Adding the mouse genome to wikidata, did however resulted in ~1000
duplicates. [1]
The issue is that an items already existed with an identical identifier and
as such resulted in unique value violations [2]
In our current approach we can't prevent this, since the gene description
is currently key. We are looking into ways to use the identifier as key in
contrast to the label as we do now. The simplest option would be to add the
identifier as alias, but it would be ideal if we could use the same
algorithm as the one generating the constrained violations, before adding a
new item. Is this possible?
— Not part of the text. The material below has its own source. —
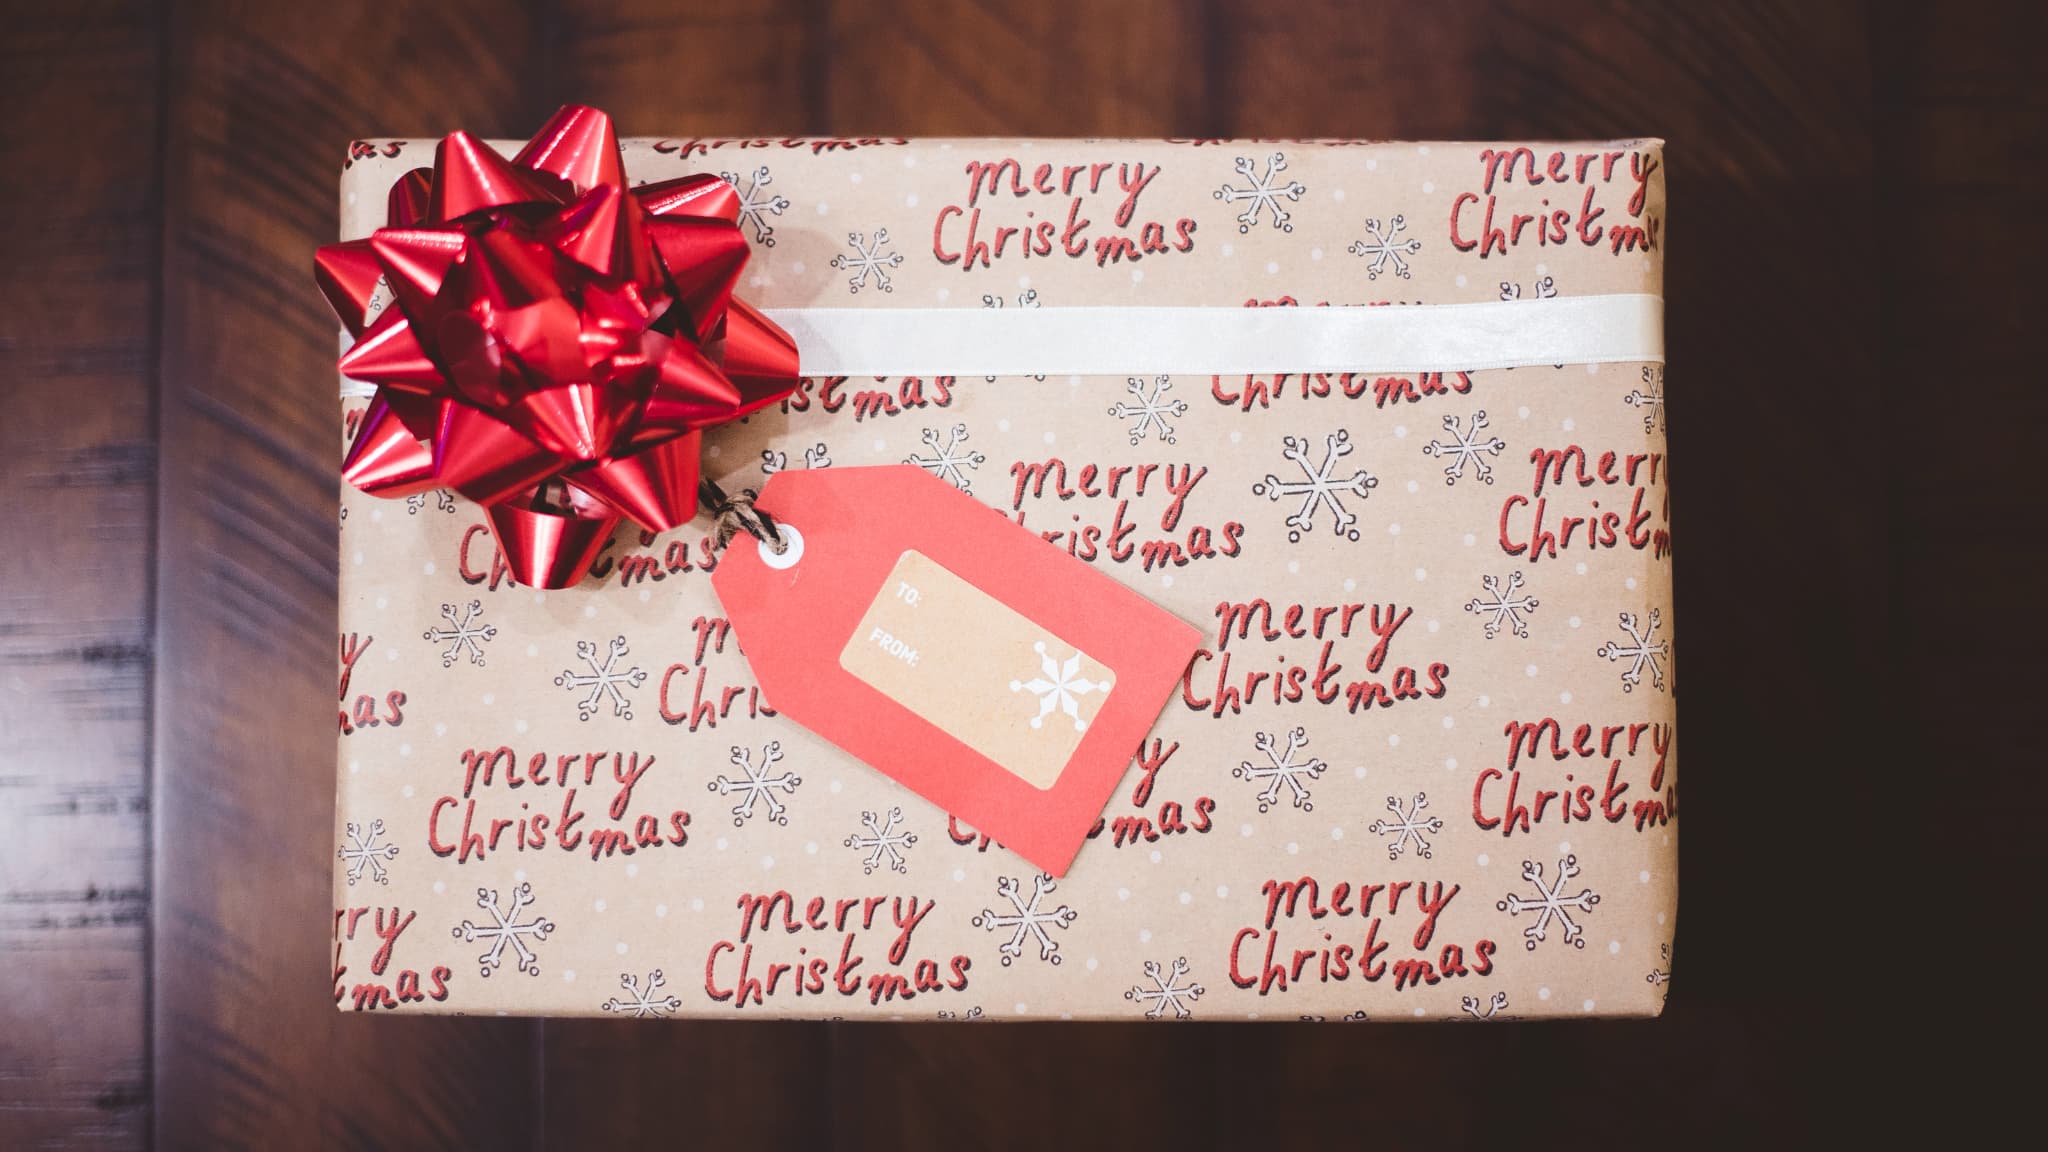 Noël 2023 : quel cadeau offrir à un ado ou un pré-ado ?

Can a bot query for a claim P351 with a given
value (e.g. 1017).
Any input would be appreciated.
Regards,
Andra
[1]
On Tue, Sep 30, 2014 at 9:05 PM, Daniel Kinzler <daniel.kinzler(a)wikimedia.de
What makes it so slow?
Note that you can use wbeditentity to perform complex edits with a single
api
call. It's not as streight forward to use as, say, wbaddclaim, but much
more
powerfull and efficient.
-- daniel
Am 30.09.2014 19:00, schrieb Andra Waagmeester:
Hi All,
I have joined the development team of the ProteinBoxBot
(
https://www.wikidata.org/wiki/User:ProteinBoxBot) . Our goal is to make
Wikidata the canonical resource for referencing and translating
identifiers for
genes and proteins from different species.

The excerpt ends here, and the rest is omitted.